What needs to be done » Output each entry exactly as written.

The data »
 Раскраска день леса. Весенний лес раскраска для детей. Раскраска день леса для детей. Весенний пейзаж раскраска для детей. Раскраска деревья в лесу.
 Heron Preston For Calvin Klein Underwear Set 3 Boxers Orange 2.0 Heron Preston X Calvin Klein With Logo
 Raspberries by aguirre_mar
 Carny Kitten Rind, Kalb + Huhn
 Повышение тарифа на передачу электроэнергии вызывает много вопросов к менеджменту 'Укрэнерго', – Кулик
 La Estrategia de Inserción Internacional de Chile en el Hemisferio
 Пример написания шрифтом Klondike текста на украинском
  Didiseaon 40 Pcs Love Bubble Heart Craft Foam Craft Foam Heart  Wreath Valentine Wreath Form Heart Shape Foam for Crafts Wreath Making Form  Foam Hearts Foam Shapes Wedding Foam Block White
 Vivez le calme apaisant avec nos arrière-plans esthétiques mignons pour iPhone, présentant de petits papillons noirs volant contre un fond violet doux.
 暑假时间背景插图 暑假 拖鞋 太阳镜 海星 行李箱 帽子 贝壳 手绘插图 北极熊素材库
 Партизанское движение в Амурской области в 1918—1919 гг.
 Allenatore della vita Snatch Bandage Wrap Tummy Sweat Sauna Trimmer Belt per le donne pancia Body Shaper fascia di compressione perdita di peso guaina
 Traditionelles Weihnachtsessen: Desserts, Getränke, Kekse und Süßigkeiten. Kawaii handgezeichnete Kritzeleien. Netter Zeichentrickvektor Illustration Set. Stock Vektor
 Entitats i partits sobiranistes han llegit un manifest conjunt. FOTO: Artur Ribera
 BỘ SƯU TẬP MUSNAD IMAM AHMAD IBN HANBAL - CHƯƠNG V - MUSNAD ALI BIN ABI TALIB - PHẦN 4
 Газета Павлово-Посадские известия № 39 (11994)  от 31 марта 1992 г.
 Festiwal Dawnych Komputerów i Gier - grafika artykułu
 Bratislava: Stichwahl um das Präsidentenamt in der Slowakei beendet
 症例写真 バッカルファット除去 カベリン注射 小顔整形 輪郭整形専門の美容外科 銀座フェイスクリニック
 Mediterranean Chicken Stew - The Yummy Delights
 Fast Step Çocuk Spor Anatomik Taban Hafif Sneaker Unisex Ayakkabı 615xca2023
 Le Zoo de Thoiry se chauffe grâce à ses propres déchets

Answer box »
 Раскраска день леса. Весенний лес раскраска для детей. Раскраска день леса для детей. Весенний пейзаж раскраска для детей. Раскраска деревья в лесу.
 Heron Preston For Calvin Klein Underwear Set 3 Boxers Orange 2.0 Heron Preston X Calvin Klein With Logo
 Raspberries by aguirre_mar
 Carny Kitten Rind, Kalb + Huhn
 Повышение тарифа на передачу электроэнергии вызывает много вопросов к менеджменту 'Укрэнерго', – Кулик
 La Estrategia de Inserción Internacional de Chile en el Hemisferio
 Пример написания шрифтом Klondike текста на украинском
  Didiseaon 40 Pcs Love Bubble Heart Craft Foam Craft Foam Heart  Wreath Valentine Wreath Form Heart Shape Foam for Crafts Wreath Making Form  Foam Hearts Foam Shapes Wedding Foam Block White
 Vivez le calme apaisant avec nos arrière-plans esthétiques mignons pour iPhone, présentant de petits papillons noirs volant contre un fond violet doux.
 暑假时间背景插图 暑假 拖鞋 太阳镜 海星 行李箱 帽子 贝壳 手绘插图 北极熊素材库
 Партизанское движение в Амурской области в 1918—1919 гг.
 Allenatore della vita Snatch Bandage Wrap Tummy Sweat Sauna Trimmer Belt per le donne pancia Body Shaper fascia di compressione perdita di peso guaina
 Traditionelles Weihnachtsessen: Desserts, Getränke, Kekse und Süßigkeiten. Kawaii handgezeichnete Kritzeleien. Netter Zeichentrickvektor Illustration Set. Stock Vektor
 Entitats i partits sobiranistes han llegit un manifest conjunt. FOTO: Artur Ribera
 BỘ SƯU TẬP MUSNAD IMAM AHMAD IBN HANBAL - CHƯƠNG V - MUSNAD ALI BIN ABI TALIB - PHẦN 4
 Газета Павлово-Посадские известия № 39 (11994)  от 31 марта 1992 г.
 Festiwal Dawnych Komputerów i Gier - grafika artykułu
 Bratislava: Stichwahl um das Präsidentenamt in der Slowakei beendet
 症例写真 バッカルファット除去 カベリン注射 小顔整形 輪郭整形専門の美容外科 銀座フェイスクリニック
 Mediterranean Chicken Stew - The Yummy Delights
 Fast Step Çocuk Spor Anatomik Taban Hafif Sneaker Unisex Ayakkabı 615xca2023
 Le Zoo de Thoiry se chauffe grâce à ses propres déchets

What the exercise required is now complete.